It’s been a while since I last posted on my blog. I want to say nothing much has changed, but a lot has changed. If you’re reading my blog for a while now, you probably read my previous happy list. If you haven’t, you can read it here. I mentioned that I feel like I needed to take a break from blogging. To be honest, I never thought I will need a break this soon. I was not expecting it, really, but after the month of May, everything just changed in a blink of an eye.
Miguel, my boyfriend, had another job which is a work from home. When he was still working in BGC, he used to pick me up at the apartment and he’ll drive me to work. Now, since he no longer needs to travel to work, I commute. I have no problem with that until the guys kept on catcalling me.
Being catcalled is traumatic.
I leave my apartment around 6:30 AM, and walk for about 15 to 20 minutes then I’ll ride a jeep. I hate it when these guys tell me things as I am walking. It’s annoying when they stare at me with a creepy smile on their faces and I hate it that these guys exist. I felt harassed every single day – some guys even have the guts to come near me as they’re passing by, and say things like “hi, babe”, “hi, beh”, “hi, miss”, etc. I also hate it when they’re afar and would still whistle & call me just to get my attention. Not to mention, they have a lot to say if you didn’t look at them.
“Ang taray mo naman.”
“Ngiti naman diyan, miss.”
Till now, there’s never a day when I was not catcalled. I hate to say this, but I’m getting used to it already. I can’t call them out because who knows what will happen to me next. We’ll never know what goes on their minds.
Waiting for something I don’t even know if it’s going to happen is making me anxious.

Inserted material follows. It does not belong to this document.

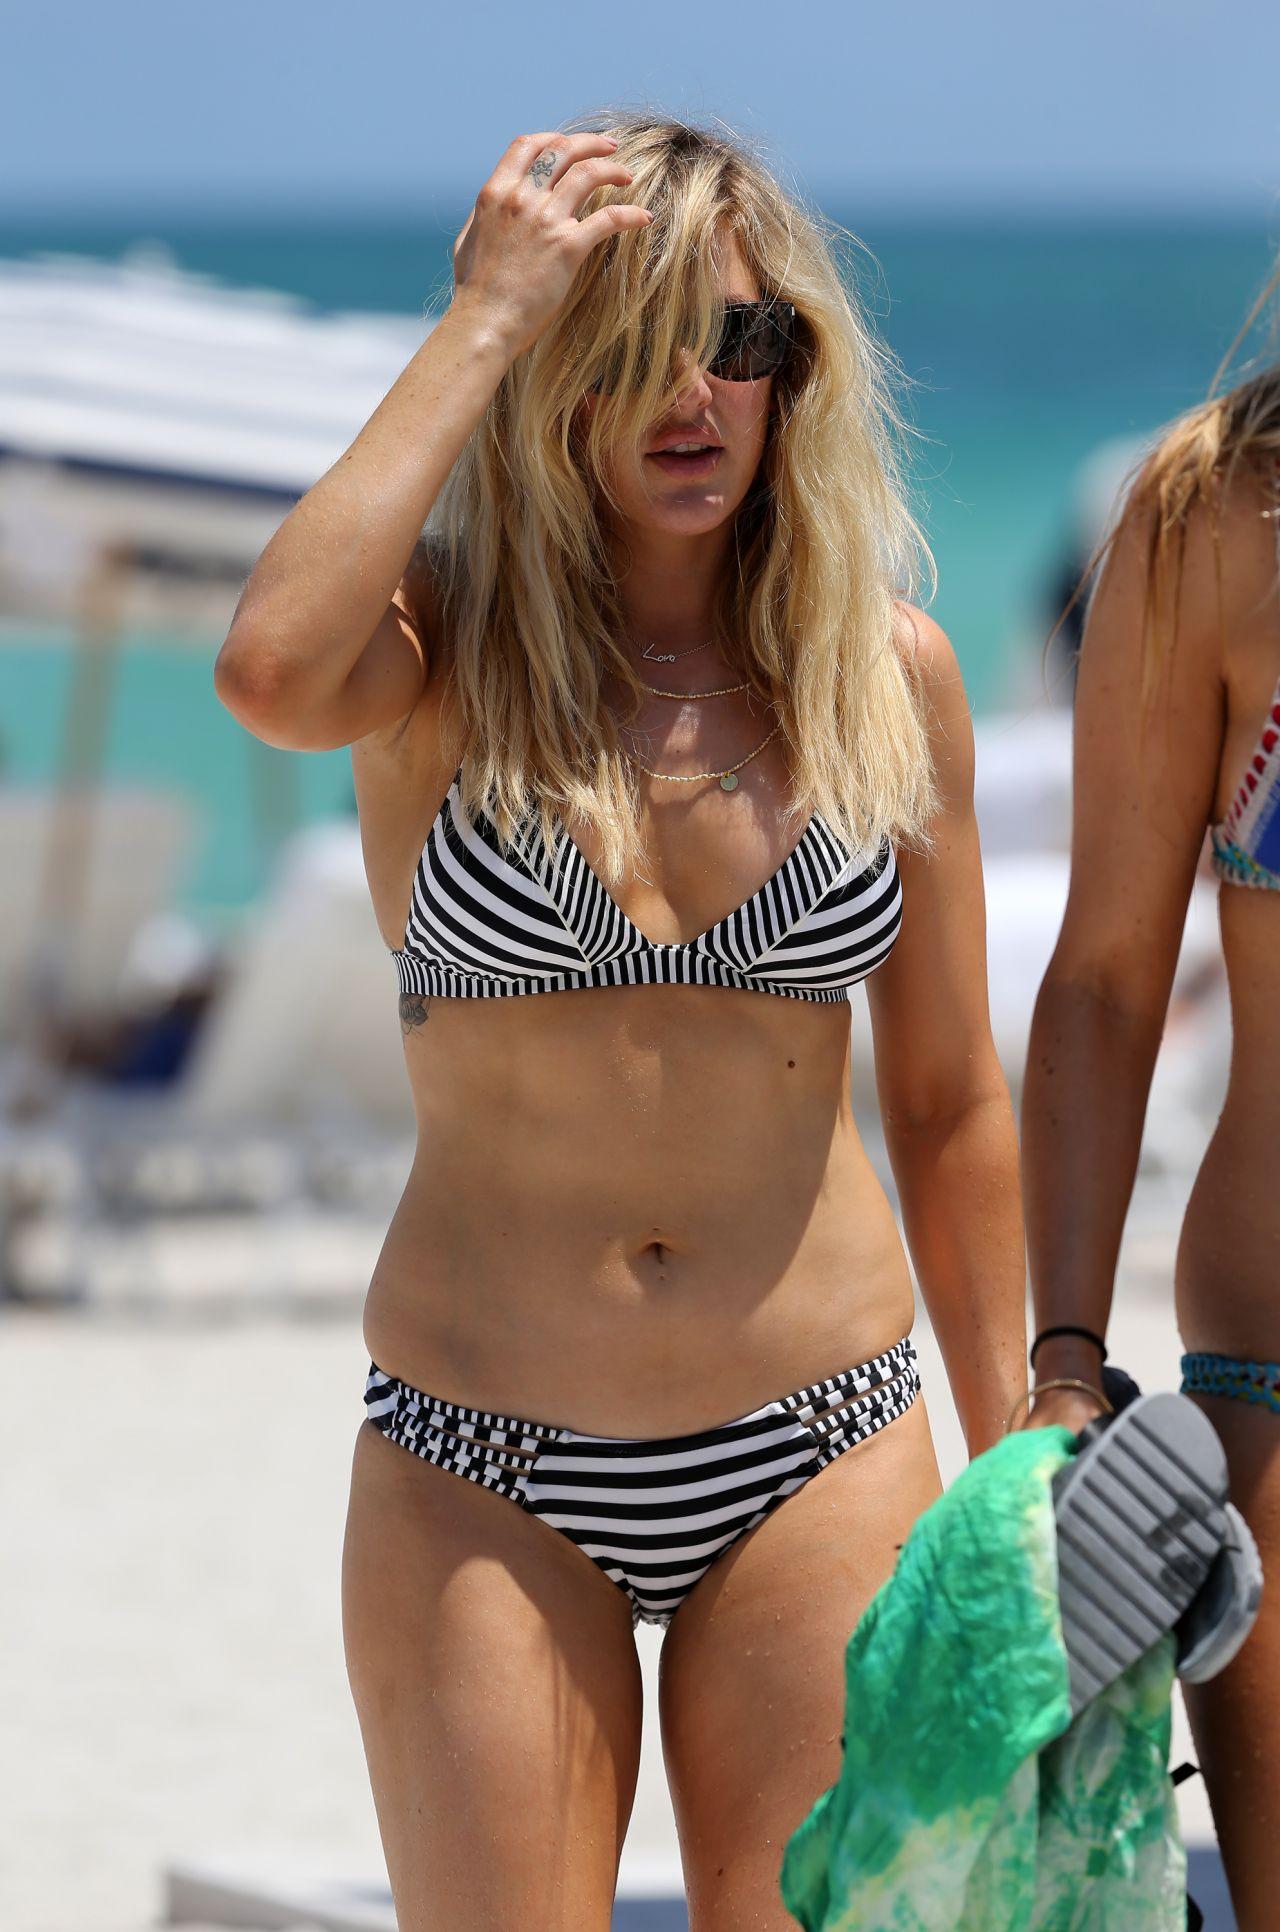 Ellie Goulding Bikini Photos Beach In Miami 4 28 2016

The feeling of just waiting and there’s nothing that you can do about it is making me anxious. I know there will come a time when things are out of our control. We just have to wait. It sucks, but that’s the way it is.
I am anxious because once the decision arrives, it’s going to be a big change in my life. The biggest change ever.

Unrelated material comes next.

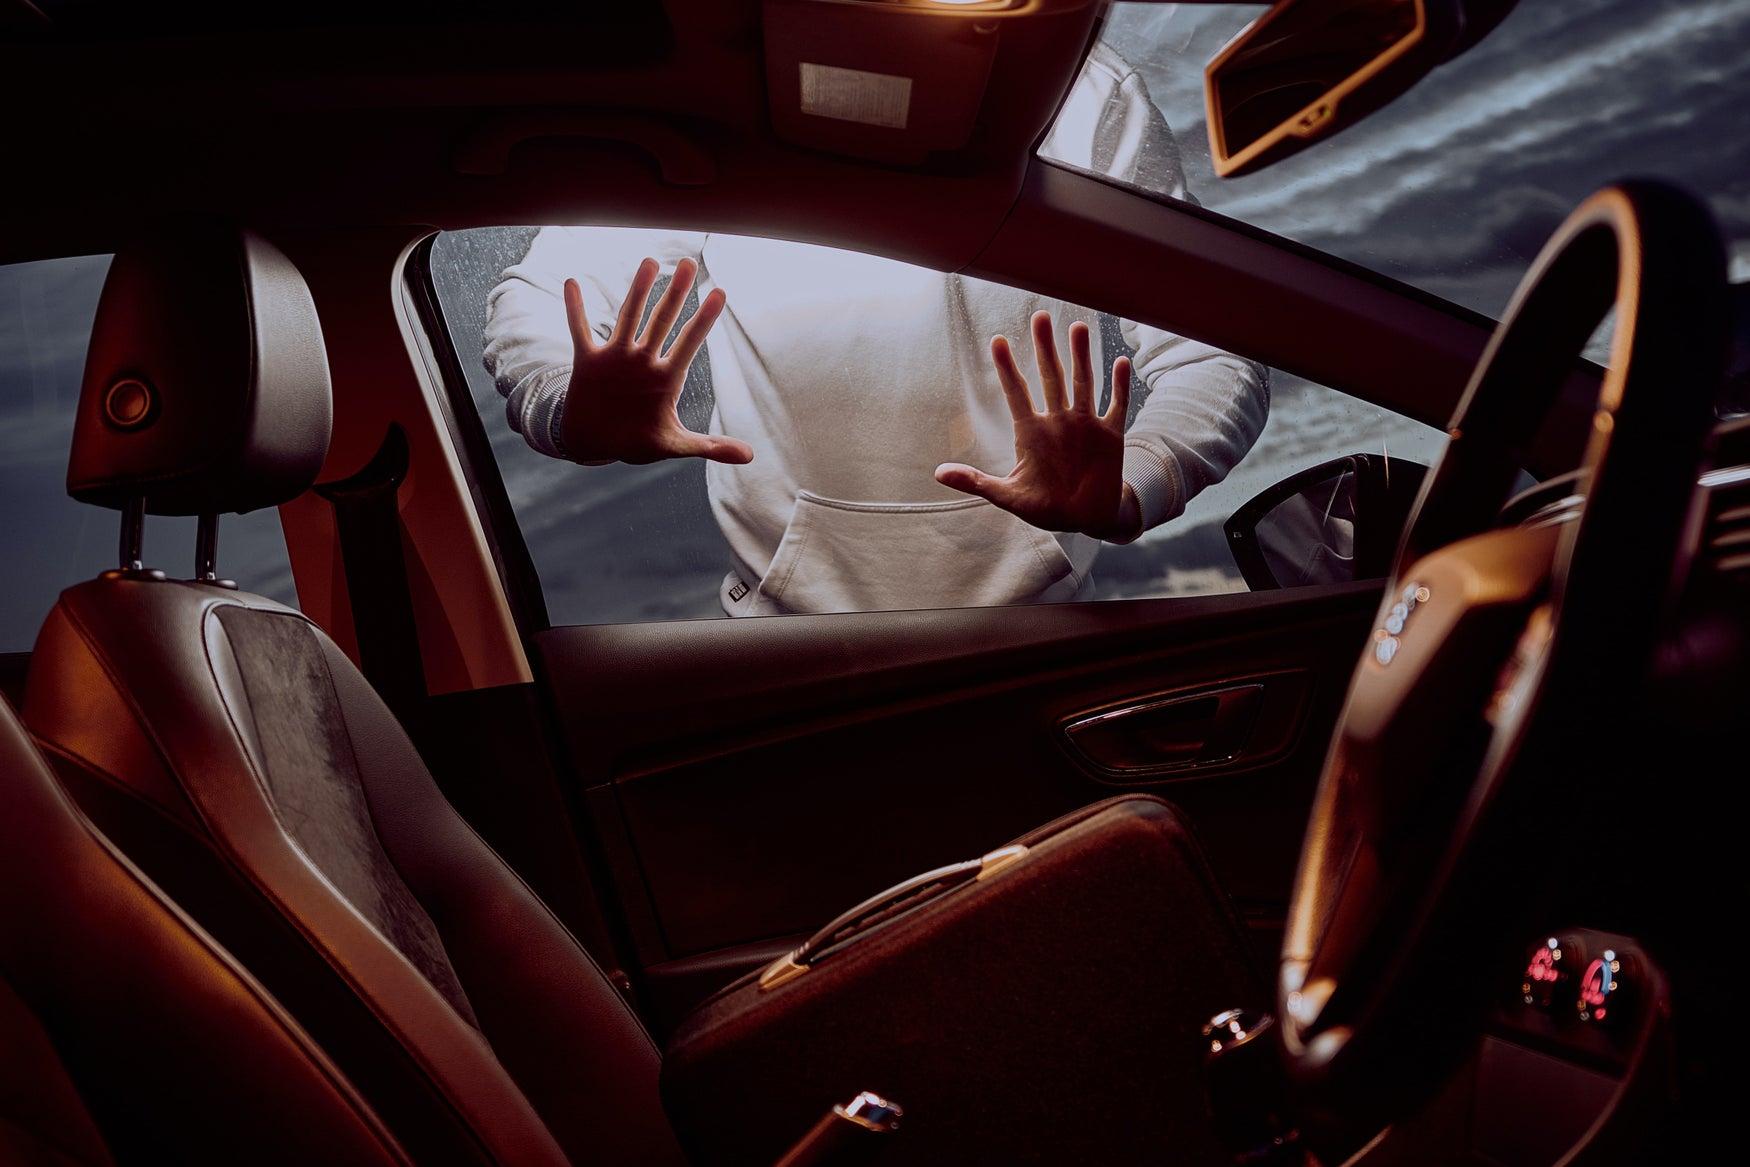 thief looking in car

I had this dilemma: should I stay or should I leave? I was offered a better work opportunity. It was so tempting, I almost grabbed it! I had to decline it due to personal reasons. One reason is I have an ongoing application abroad. I have over a thousand what ifs on my mind; I can’t think straight anymore.

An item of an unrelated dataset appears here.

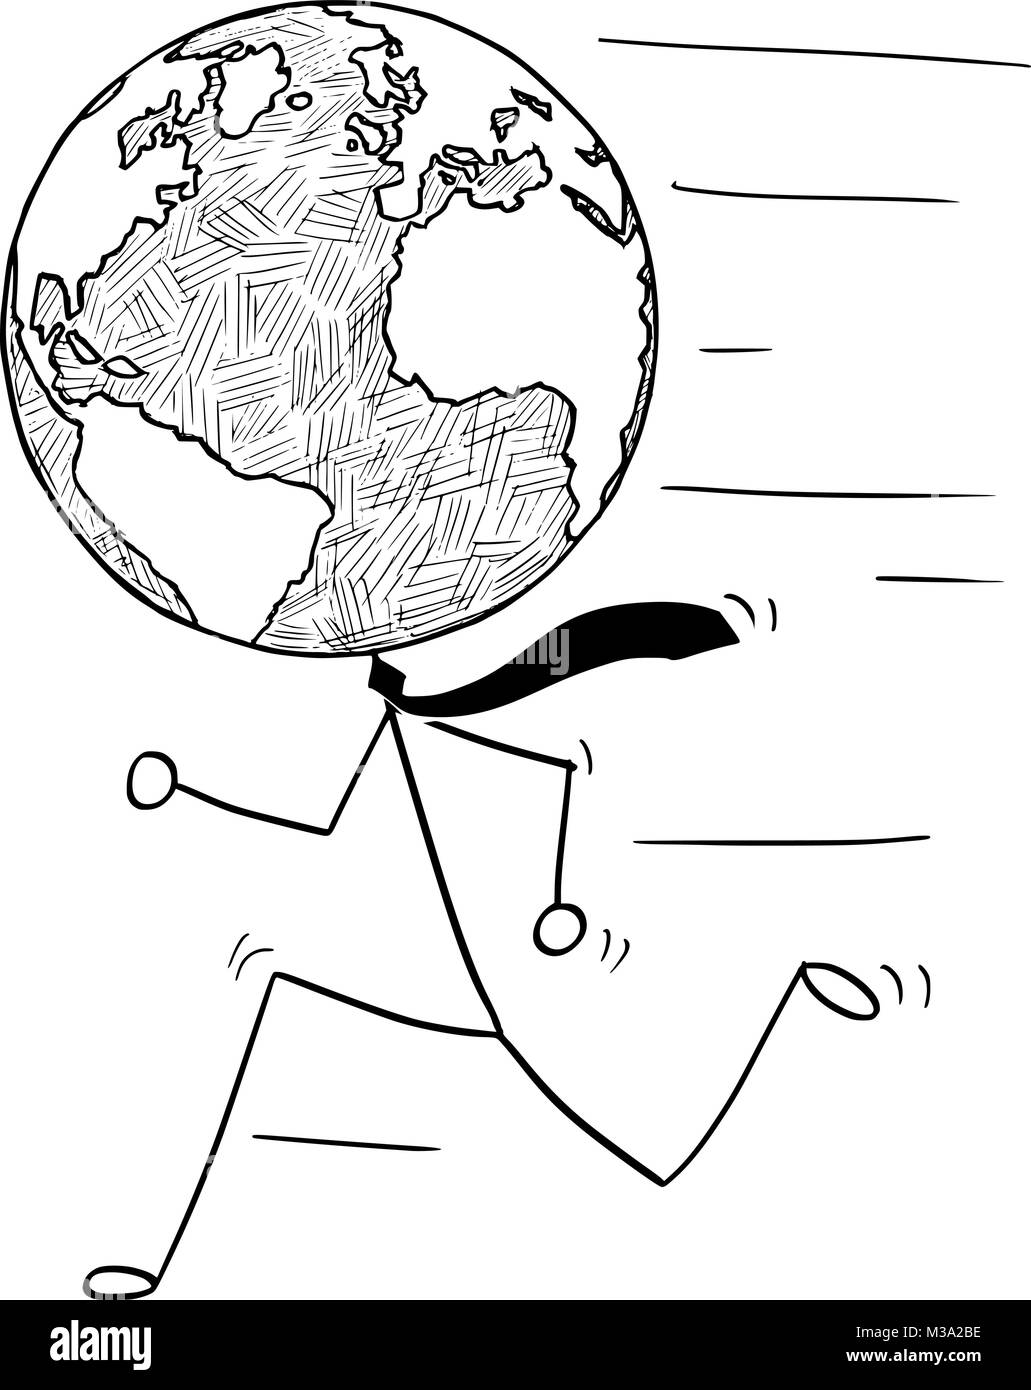 Cartoon of Running Businessman with Earth World Globe as Head - Stock Image

There’s no update yet; I also found out that some had their second interview after 3 to 4 months. Now, I’m really talking about the waiting game. As much as I want to do whatever it takes to speed up the entire process, I can’t. I’m focusing on what I have now. If it comes, I will be grateful. If not, there are still new and better opportunities. I shouldn’t focus on the future more than I should on present, right?
I’m not sure if I’m just sad, or I’m already feeling depressed.
I said that because I came to a point where I don’t want to do anything. Anything at all. I love doing something for my blog, and I definitely enjoy writing. I thought it was just one of those days, but it wasn’t. Days have passed. Weeks have passed. Same.
My friends invited me to travel. My friends asked me out. I didn’t want to see and interact with anyone I personally know. Even Miguel was pushing me to go and hangout with my friends. I didn’t want to. I just wanted to stay home.
My thoughts were wandering all the time. I cannot concentrate and make a decision. The things I normally enjoy doing were gone. I felt like a part of me went somewhere I don’t know. There are random thoughts on my mind, then I’ll only find myself crying. I always tried to want and do something hoping these feelings will fade away. I didn’t notice, but it’s been more than a month already.
It took a toll on my health.
I always fall asleep as soon as I lay on my bed. Nowadays, I wake up in the middle of the night, then I’ll have difficulty falling asleep again. My stomach hurts especially early in the morning. I feel nauseous all the time! It baffles me because I already avoid the food that triggers my acid reflux and I’m taking medications, so what’s the problem then?
When I consulted my doctor, she immediately thought I’m stressed. Why, though? The medications can only do so little if the trigger is stress. She still prescribed to me other medications, but she advised me to try and change my mindset about what stresses me out. She even advised me to change my environment.
I find it easier if the medicines can solve my health issues. Changing a mindset and environment is easier said than done. I’m still trying to pick up the pieces, but I’m happy that I’m already embracing changes.
So, first things first… My new blog theme!
I have been eyeing this theme for months! It has a different layout and design from my previous one. I loved my previous theme; I love how simple it is and I also love its colors.
Well, I wasn’t supposed to publish my new theme this soon. I originally thought it would be better to publish it on my birthday month, October. I just wanted to go back doing what I love, which is blogging! Thus, the makeover. Haha.
There’s only 4 months left this year, and I am so looking forward to the 13th month.
It felt soooooo good to be back writing! It surprises me that people still visit my blog despite not updating it and publishing new posts. Thank you for still sticking around!
This is a very personal post. I was hesitant to write this, but my blog is my outlet too. Basically, these are the main things that I have had issues with. The minor ones, I didn’t include. Otherwise this blog post will take more than 2000 words! I don’t want to bore you. I hope you enjoyed reading it! See you on my next post! <3
What do you do to keep a positive mindset? What can you say about my new theme?